Passado o primeiro mês comecei a ver que “o essencial é invisível aos olhos”. É clichê mas é verdade. Amor, é disso que precisamos. A maternidade mexeu comigo, com meus valores. Se antes eu queria ser uma empresária de sucesso em uma cidade grande agora quero morar nas montanhas e plantar meu próprio alimento…rs. Brincadeira, tô exagerando.

Depois de ter filho ainda quero tudo! Mas quero coisas diferentes. Quero o necessário e sei que ele é muito menos do que imaginamos. Isso tudo é um processo, leva tempo mas é isso que quero. Na verdade eu só quero ser feliz.

Quero uma vida mais leve!

Despertei para o minimalismo com o livro “A Mágica da Arrumação” de Marie Kondo. Sempre quis me livrar da tralha que acumulei durante uma vida de bagunça, aquilo me fazia mal, mas nunca soube por onde começar.

O livro me deu rumo, um caminho. Quando fiquei grávida eu sabia que queria fazer diferente com minha filha. Não queria muita roupa para ela nem um quarto cheio de coisas para encher de poeira  (sou alérgica!) e acima de tudo, não queria coisas desnecessárias.  Pesquisei…pesquisei…e fiz um quarto lindo! Sem os excessos de uma mãe de primeira viagem.

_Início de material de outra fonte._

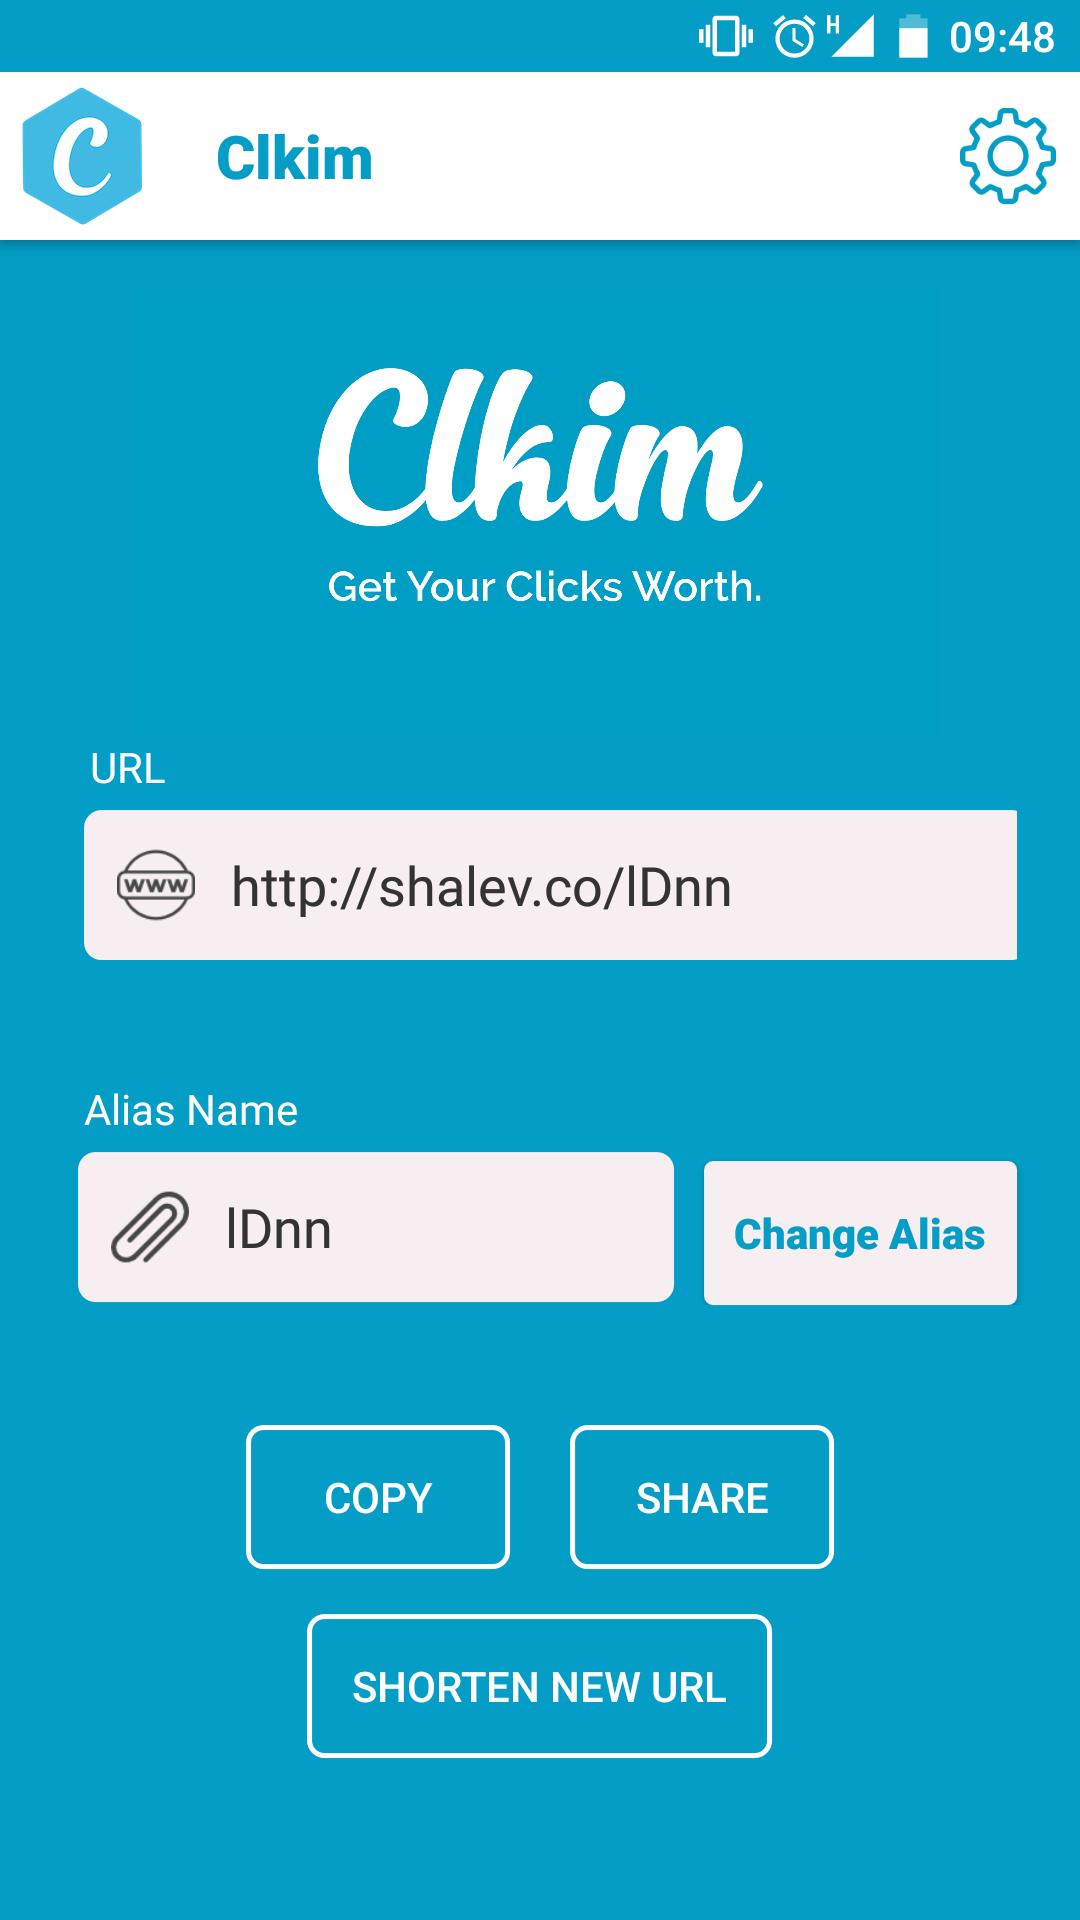 Clkim change alias

Comecei a ler o livro depois que ela já tinha nascido. Ele abriu meus olhos de uma forma simples e objetiva. Guardamos tantas coisas que não nos fazem felizes. Guardo roupas que não me servem a anos, número 38! Uso 42, 44 agora e elas só servem para me lembrar que fracassei tantas tentativas de emagrecer durante todos esses anos.

Confesso que ainda não fiz a grande mudança. Com o aniversário de 1 aninho da minha filha não tive tempo de “destralhar” mas parei de comprar. Penso mil vezes se aquilo que desejo é realmente necessário. Na maioria das vezes não é.

Já comecei a fazer algumas mudanças no meu dia a dia. Estas são algumas delas:

  • Diminuí meus gastos para trabalhar menos.
  • Agora lavo as vasilhas assim que sujam. É estressante ter a pia sempre cheia de coisas sujas.
  • Só compro calçados confortáveis e que combinam com peças de roupa que já tenho.
  • Vou à feira uma vez por semana e compro apenas o que será consumido em 7 dias para evitar desperdício.
  • Assumi meus cachos. Ter uma vida minimalista é se libertar. Parei de fazer escova progressiva e cortei meu cabelo curtinho!
  • Não compro roupas novas para eventos especiais. Fui a uma formatura com um vestido que já tinha e no Lollapalooza me segurei e não comprei nada para ir.
  • Comecei a ler sobre armário-cápsula.

Tudo está acontecendo de forma gradual…aos pouquinhos…sem estresse. É assim que a vida deve ser, leve.